• _INFORMATION SHOWN_
↓↓↓
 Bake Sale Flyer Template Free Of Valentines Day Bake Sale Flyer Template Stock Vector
↑↑↑
↓↓↓
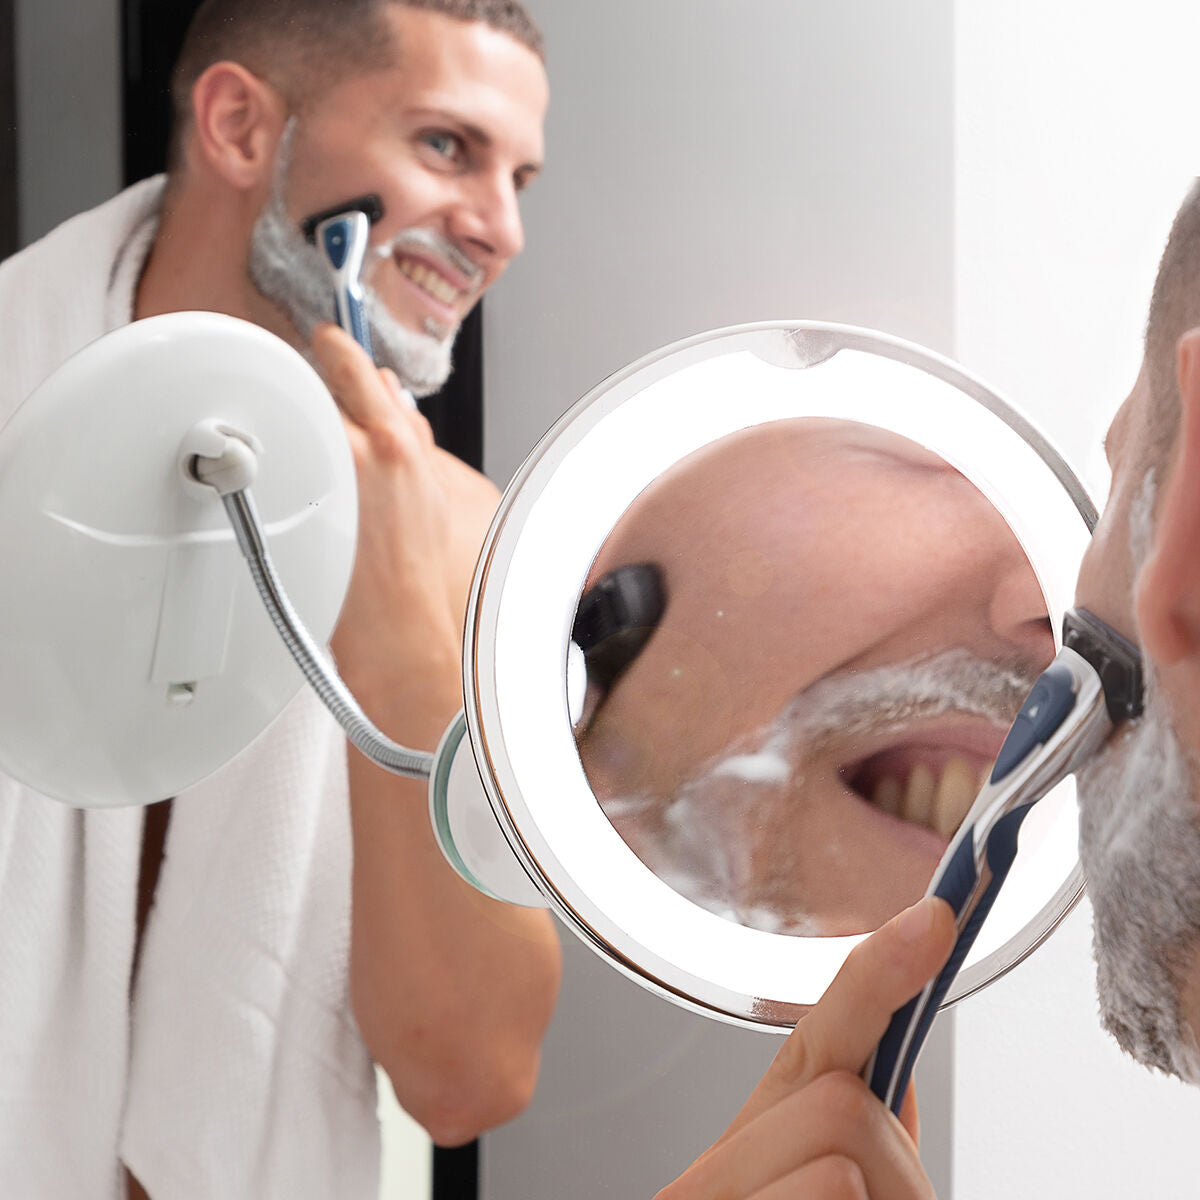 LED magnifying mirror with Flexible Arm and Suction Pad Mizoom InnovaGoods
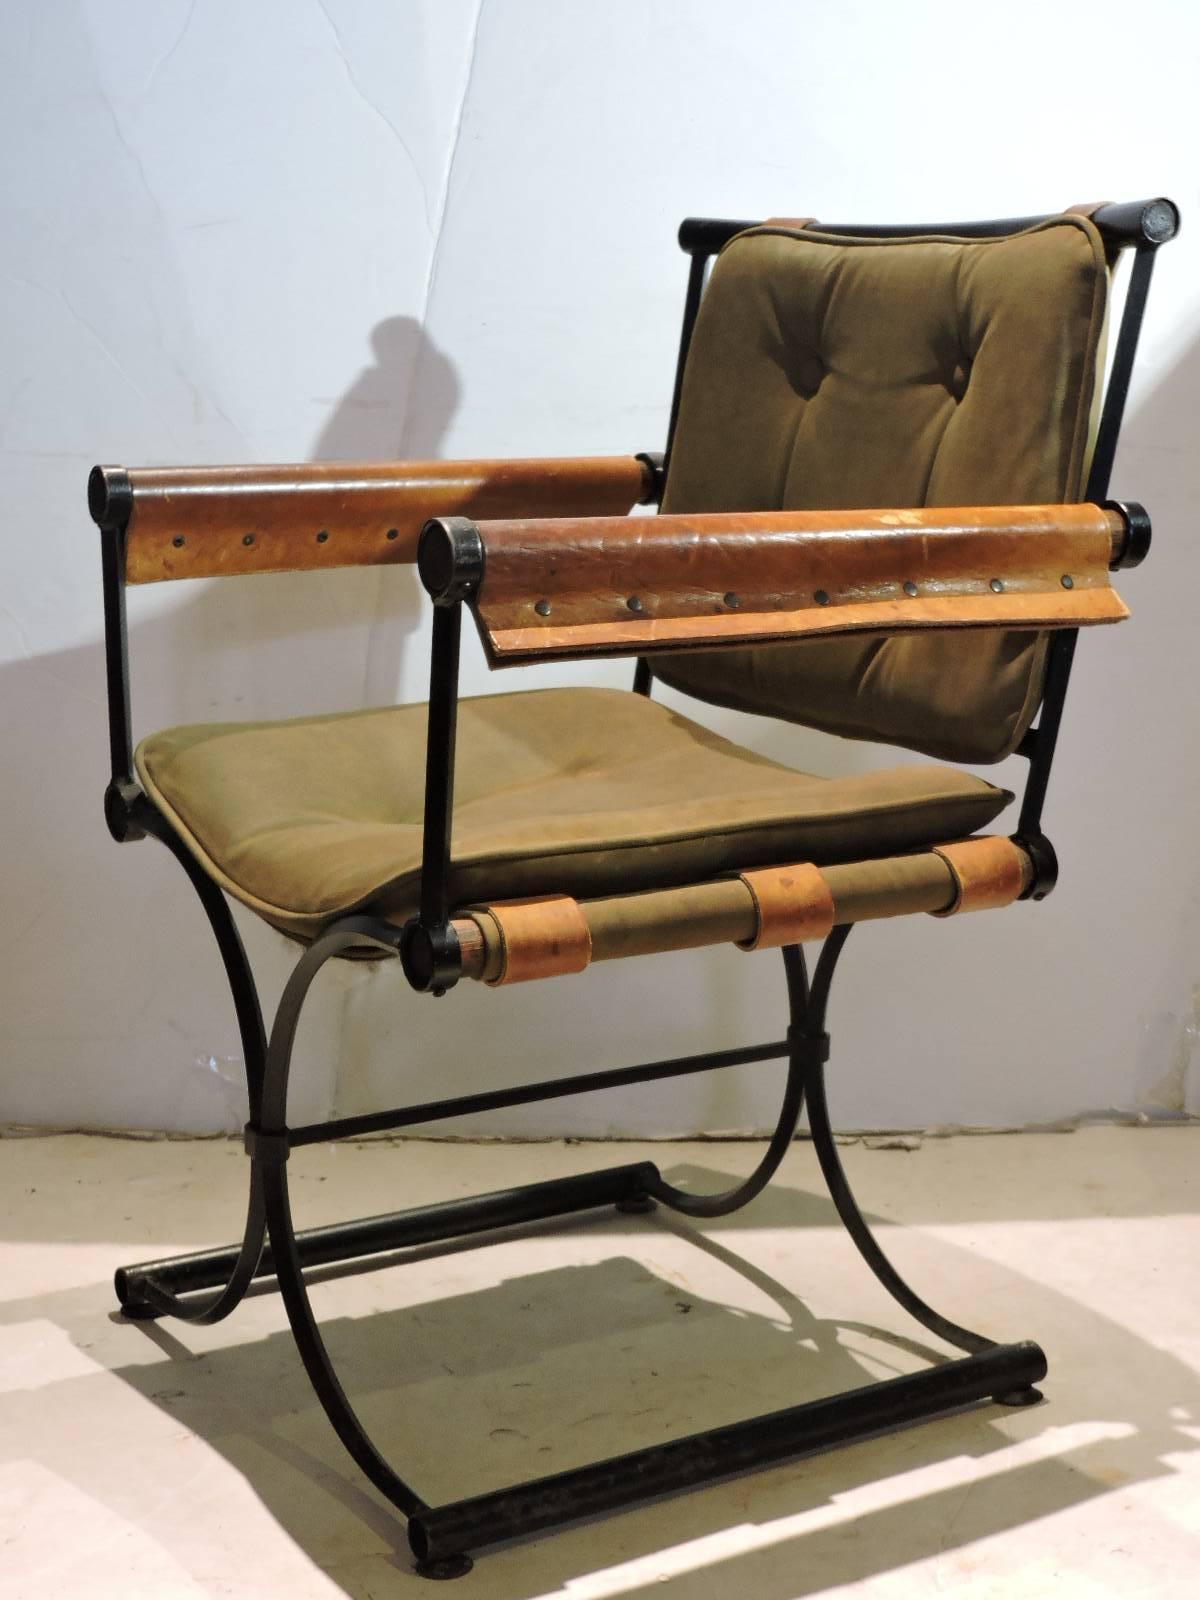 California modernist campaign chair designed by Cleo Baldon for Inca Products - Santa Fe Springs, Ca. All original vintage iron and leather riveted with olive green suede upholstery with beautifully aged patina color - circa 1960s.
↑↑↑
↓↓↓
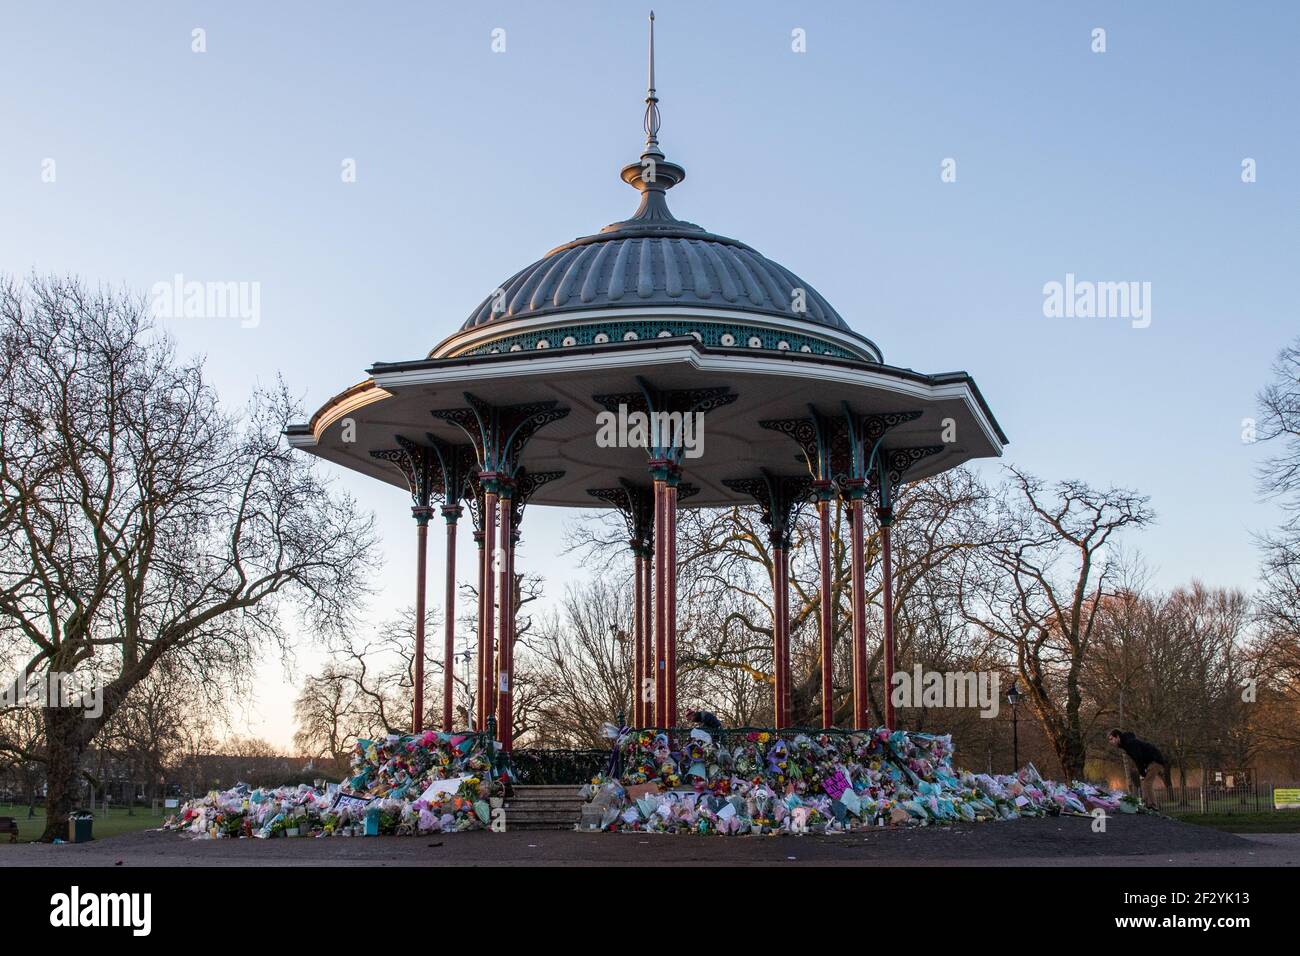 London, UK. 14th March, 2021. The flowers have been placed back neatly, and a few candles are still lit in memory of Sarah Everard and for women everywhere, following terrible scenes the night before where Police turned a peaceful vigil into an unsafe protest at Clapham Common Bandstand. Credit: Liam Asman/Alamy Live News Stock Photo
↑↑↑
• _WORK ORDER_
Repeat exactly the lines above, beginning at the one containing "LED magnifying mirror" and ending at the one containing "California modernist campaign". Do not carry over any pictures.

• _RESPONSE TO THE TASK_
 LED magnifying mirror with Flexible Arm and Suction Pad Mizoom InnovaGoods
 California modernist campaign chair designed by Cleo Baldon for Inca Products - Santa Fe Springs, Ca. All original vintage iron and leather riveted with olive green suede upholstery with beautifully aged patina color - circa 1960s.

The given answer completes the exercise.